Take for instance the fact that the island he presents is so...grim. Nobody seems to have any fun, ever. In the original, you had a population of happy, hard-working, lusty people, tilling the earth and each other, content in their lives. In this version, the place is utterly joyless. No music, no dancing, no smiling, no laughter. Just frowsy, unwashed hags (old and young) ruled over by a horrid cliche of a wicked stepmother. Dreadful.

And the whole thing about "we came here hundreds of years ago to worship the Goddess". OH BITCH PLEASE. No one makes those kinds of claims anymore. That whole "tradition" thing went out the window years ago. Any pagan worth his/her salt knows that for the self-serving bullshit it is. If LaBute was going to make a film about a particular religion, I'd have expected him to do at least a bit of research first. Besides which, the kind of (un-)community presented here is completely unviable - there's no way it could survive fifty years, let alone five hundred.

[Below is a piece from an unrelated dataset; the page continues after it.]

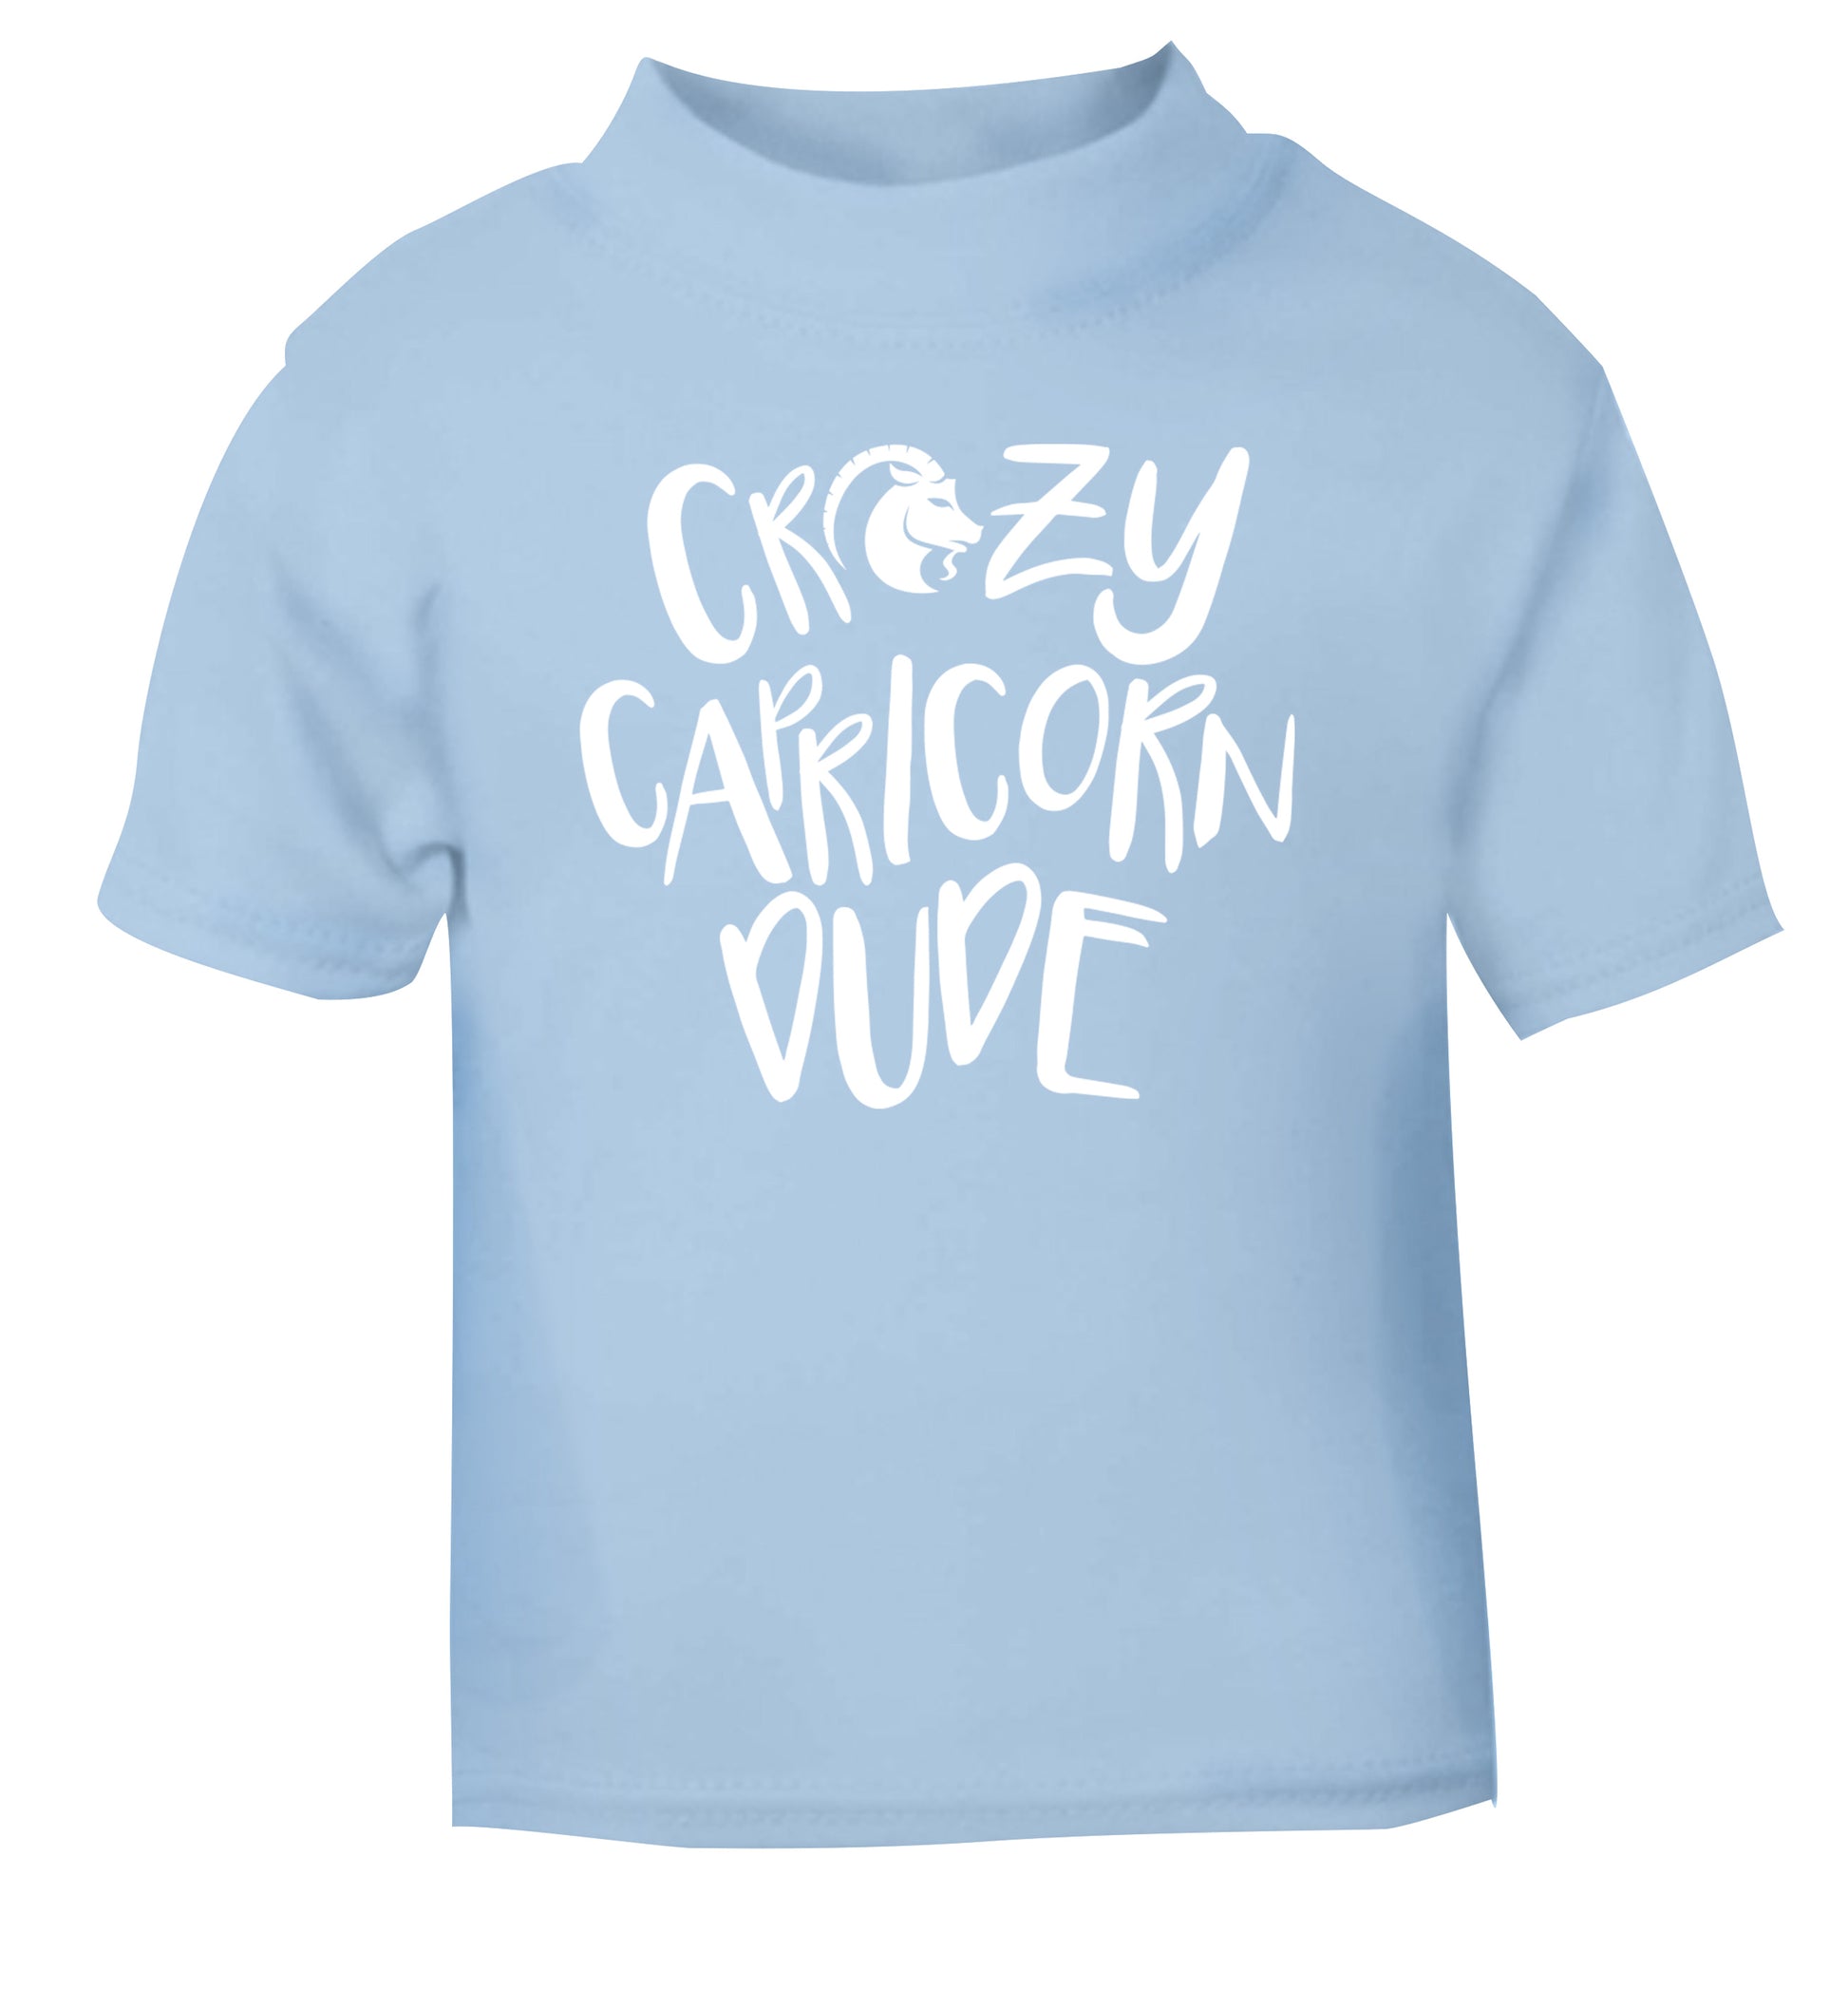 Crazy capricorn dude light blue Baby Toddler Tshirt 2 Years

I've been a happy worshipper of the Goddess for thirty years now. The original Summerisle is a place I've always longed to visit. But you couldn't possibly pay me enough money to step foot on LaBute's Island of the Fanged Vagina Monsters. (And yes, I am a woman myself.) It's beyond ridiculous - as the reviewer states here, it's insulting and pathetic, telling far more about LaBute and his genital panic than even he probably realizes.

Feh.


One more comment, in case anyone here didn't know:

The worst thing about this whole stupid film is that Robin Hardy (the director of the original Wicker Man) has been trying to get his update made for years now. Originally titled Riding the Laddie, now Cowboys for Christ, it's about a young fundie couple who come to Summerisle to convert the natives, and run afoul of the Wicker Man. It was set to star Christopher Lee in a reprise of his original role, and Sean Astin was going to play the young Bible-thumping dude. (Don't know who they were eying for the woman in the pair.) It sounded like a really interesting update.

But this utter piece of shite has probably trashed any chance of a really good take ever getting made. So that's another thing that TWM fans have to growl at LaBute about.





*sigh* Oh well. I still hold vain hopes of seeing Sean A. get shoved into that braided inferno someday. (Only because he'd be so damn good in the role, mind you.)